In China's stock market, there are around 5,000 companies traded in RMB, known as A-shares, and around 200 traded in U.S. dollars, known as B shares. Plus, there are around 2,000 companies listed in the Hong Kong stock market.  Experienced investors can easily find targets that have solid financial statements and low valuations within these companies.

For example, according to the Wind Financial Terminal, the Shanghai Stock Exchange Dividend Index trades at a 5.4 PE ratio, a 0.65 PB ratio and a 5.7 percent dividend yield. With this low valuation, the Shanghai Stock Exchange Dividend Index also offers a solid business fundamental. Dividing the PB ratio by the PE ratio, we find that its Return on Equity is 11.5 percent, a promising level for investment.

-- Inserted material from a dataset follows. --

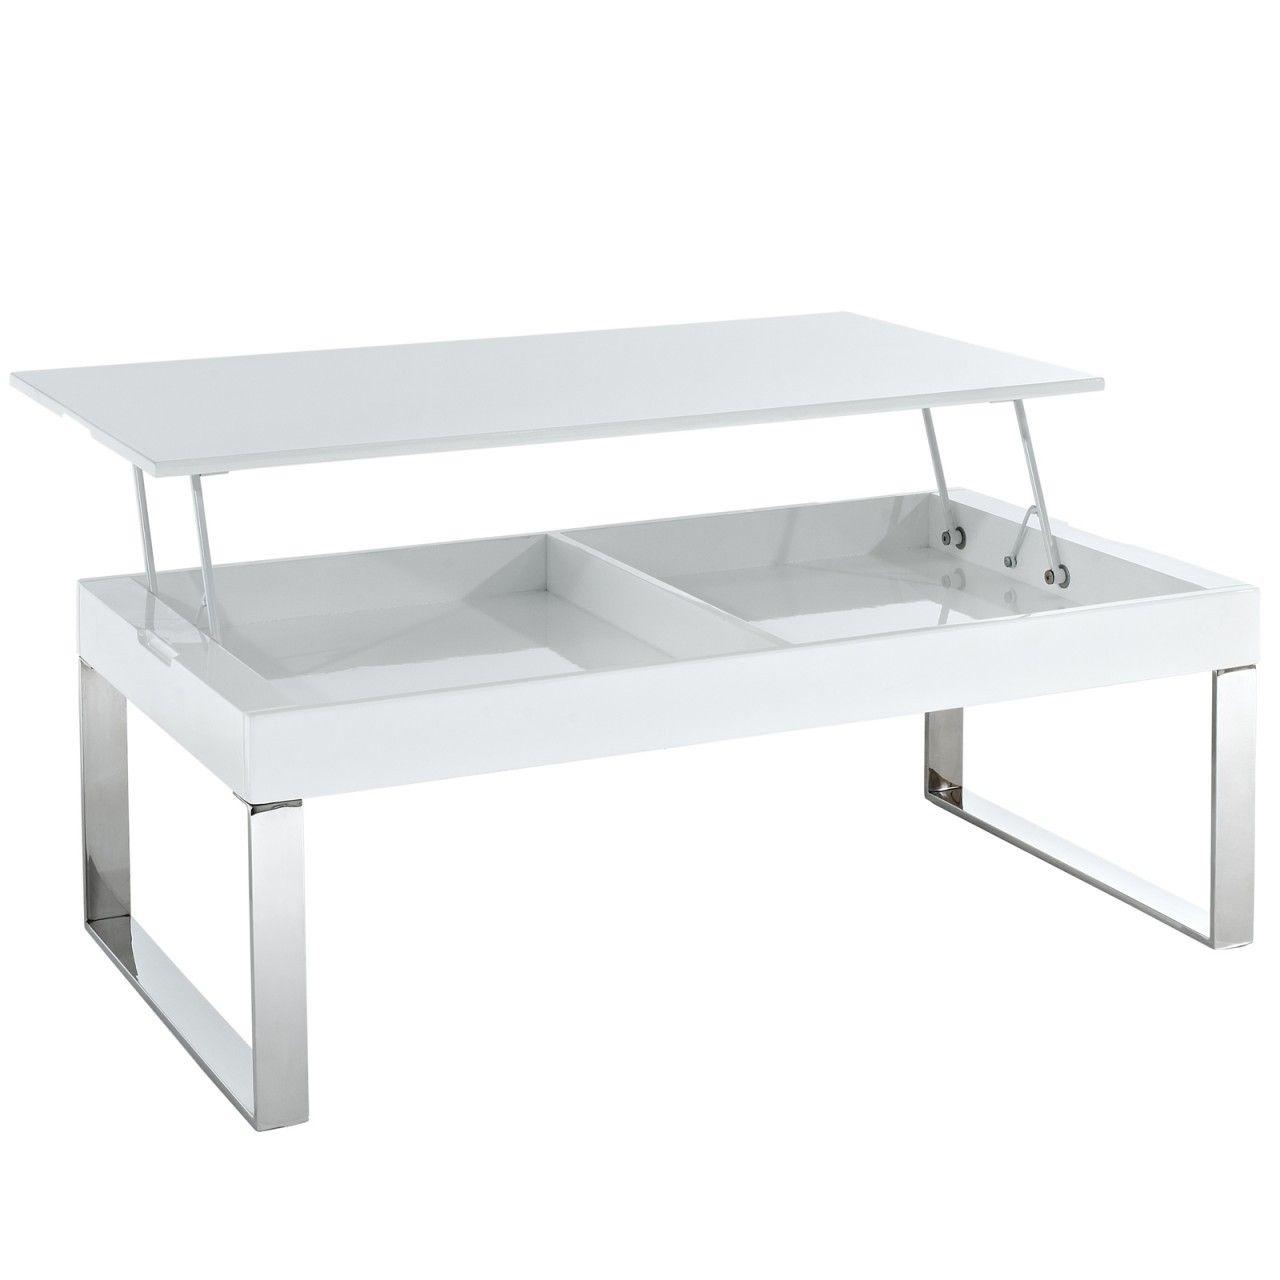 Soma Classics - White Gloss Lift Table, $289.99 (http://www.somaclassics.com/white-gloss-lift-table/)

The financial companies in the A-share market also trade at low prices. According to the Wind Financial Terminal, the Shanghai Stock Exchange Financials Index, which is mainly composed of banks, insurance companies and securities firms, is now trading at a 6.0 PE ratio, a 0.7 PB ratio and a 4.4 percent dividend yield.

In the Hong Kong stock market, many companies also have low valuations. The same data source shows that the Hang Seng High Dividend Yield Index is now trading at 4.9 times PE ratio and 0.46 times PB ratio. That's even lower than the valuation in the A-share market.

Besides the good business fundamentals and low valuation, one final factor that can bring a large amount of investment value to seasoned investors is the value that can be generated by trading.

Roughly speaking, the Chinese financial market is a developing market. This means that stock price fluctuations are more severe and the pricing accuracy of the market is less accurate. It also means that investors can easily find opportunities to sell and buy different equities that can increase the quality and the quantity of their holdings for long-term fundamental value.

In my experience, a fair turnover ratio, which is the ratio between the trading value and the size of an investment portfolio, can be as much as 150 to 200 percent. That's much higher than the usual 30-50 percent turnover ratio that can be seen in most mature markets. Of course, as long as it has been carefully conducted, a higher turnover ratio can lead to a much higher long-term investment return.

With good business fundamentals, low valuations and a higher possibility for value-added trading, the investment value of valuable Chinese stocks will be noticed by seasoned investors around the world. This is a wonderful chance to profit from the world's second-largest economy.